**WORK ITEM:** Set down exactly, from the records below, the line with "Nexus Clothing Men" through the line with "Stretch exercise illustration", and nothing else.

**EXTRACTED MATERIAL:**
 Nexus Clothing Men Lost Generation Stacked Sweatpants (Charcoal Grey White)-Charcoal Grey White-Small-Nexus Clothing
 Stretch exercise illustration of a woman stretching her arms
==
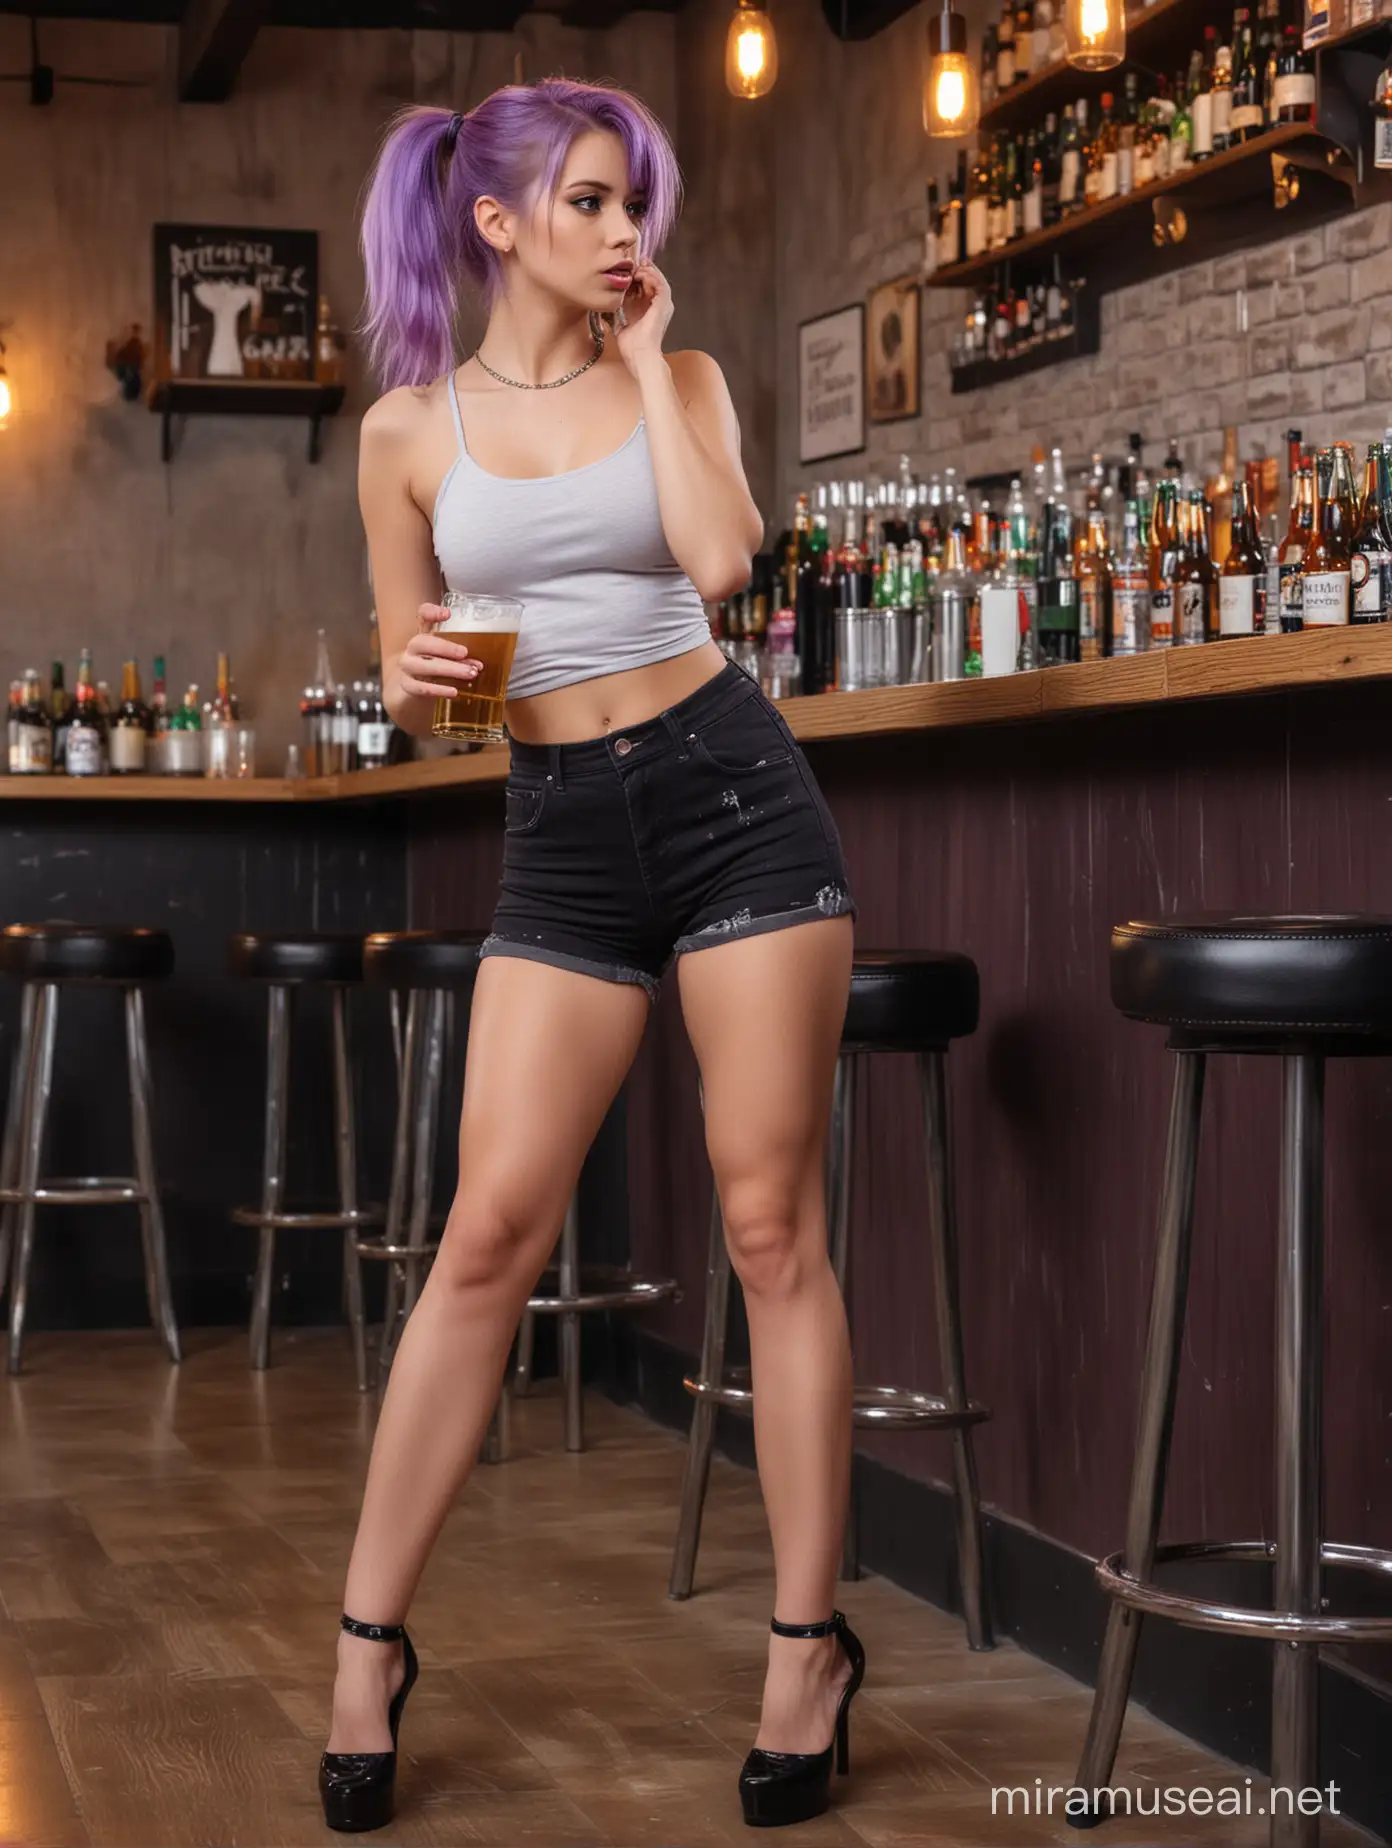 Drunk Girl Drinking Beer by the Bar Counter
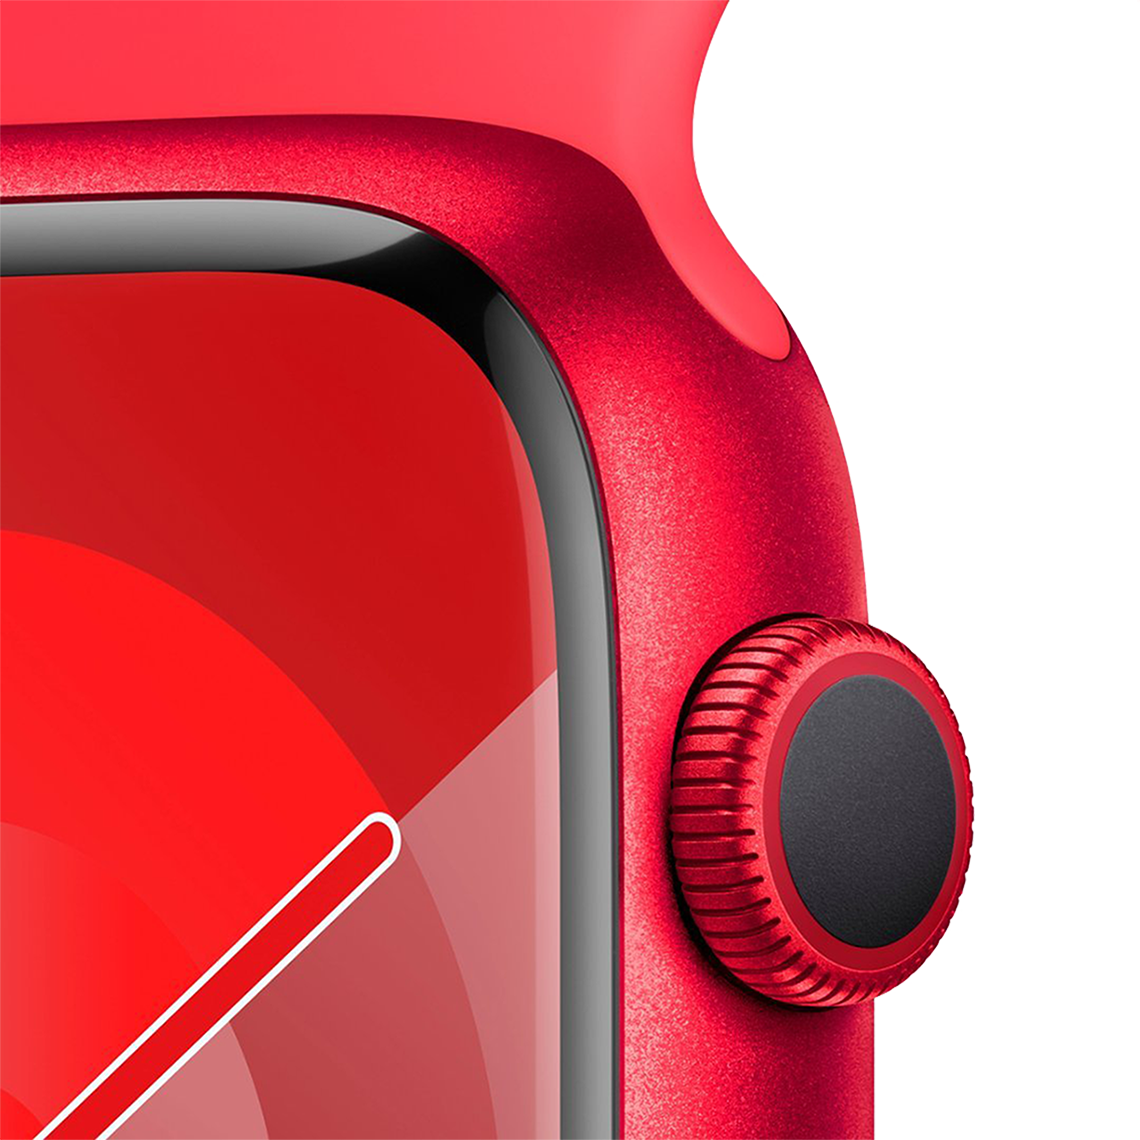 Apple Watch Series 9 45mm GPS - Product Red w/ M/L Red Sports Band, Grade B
* * *
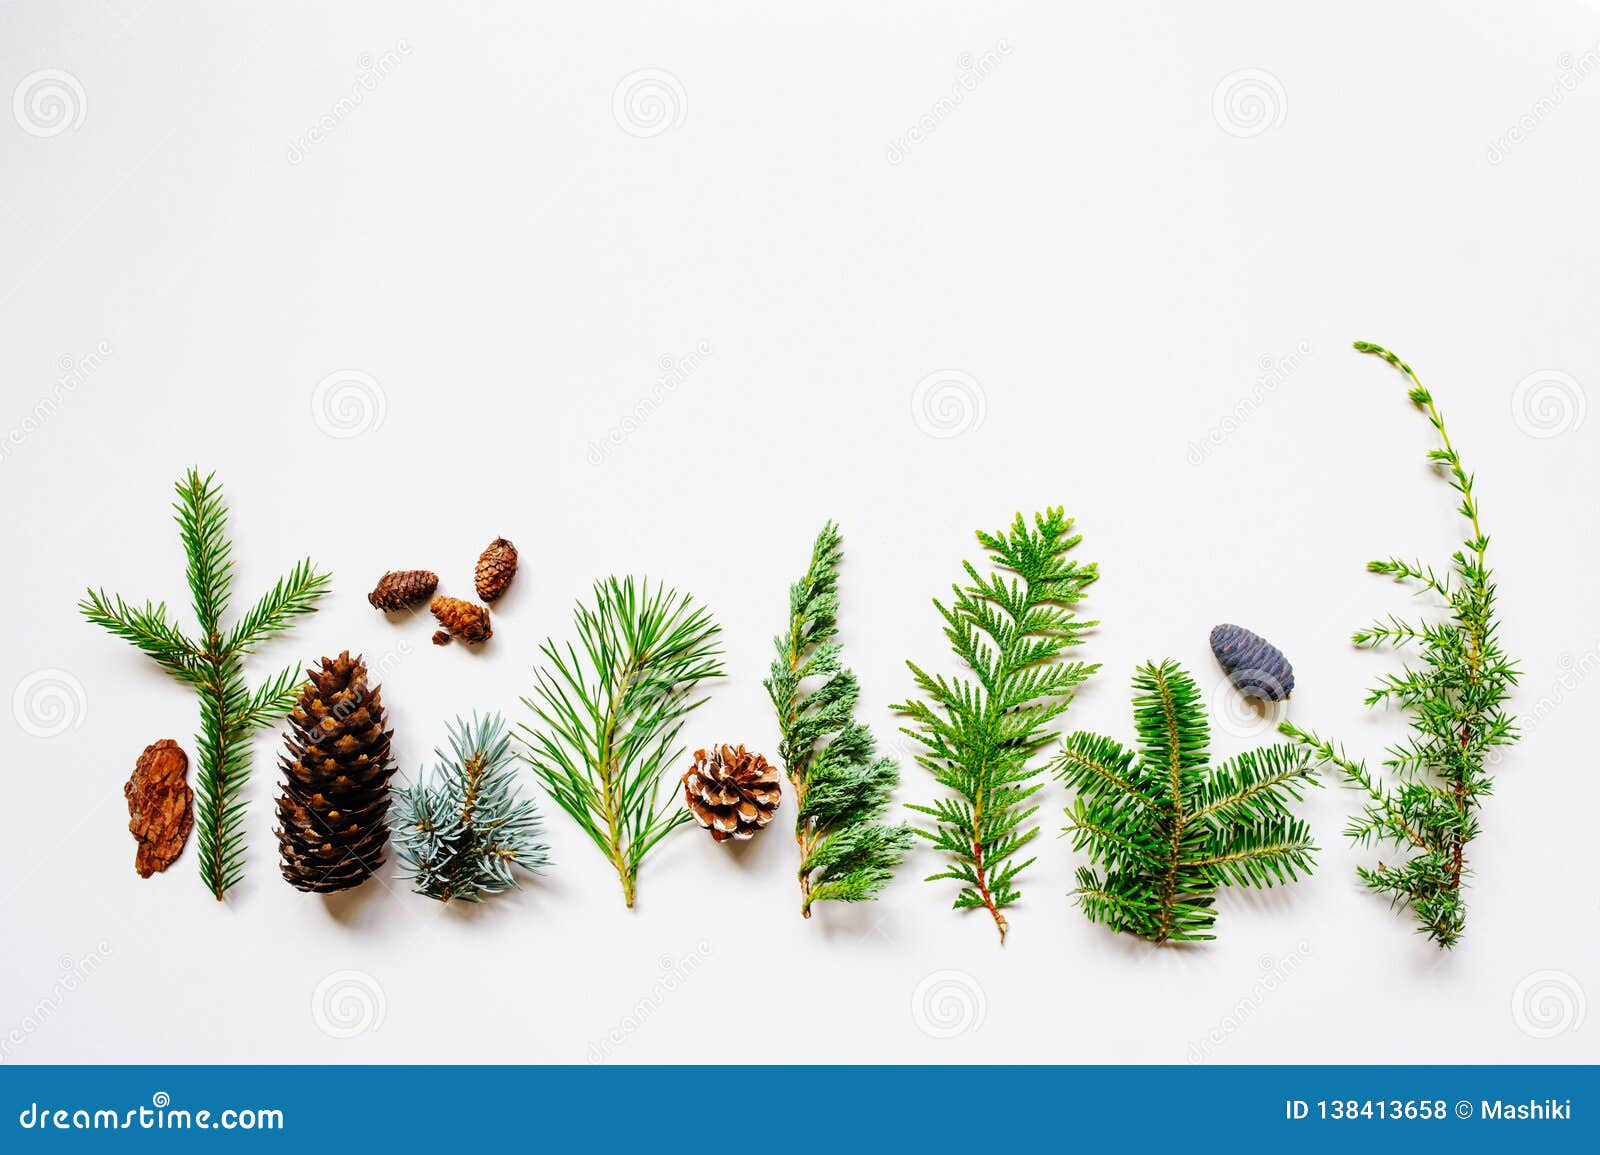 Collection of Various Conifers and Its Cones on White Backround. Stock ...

**RESPONSE TO THE TASK:**
 Nexus Clothing Men Lost Generation Stacked Sweatpants (Charcoal Grey White)-Charcoal Grey White-Small-Nexus Clothing
 Stretch exercise illustration of a woman stretching her arms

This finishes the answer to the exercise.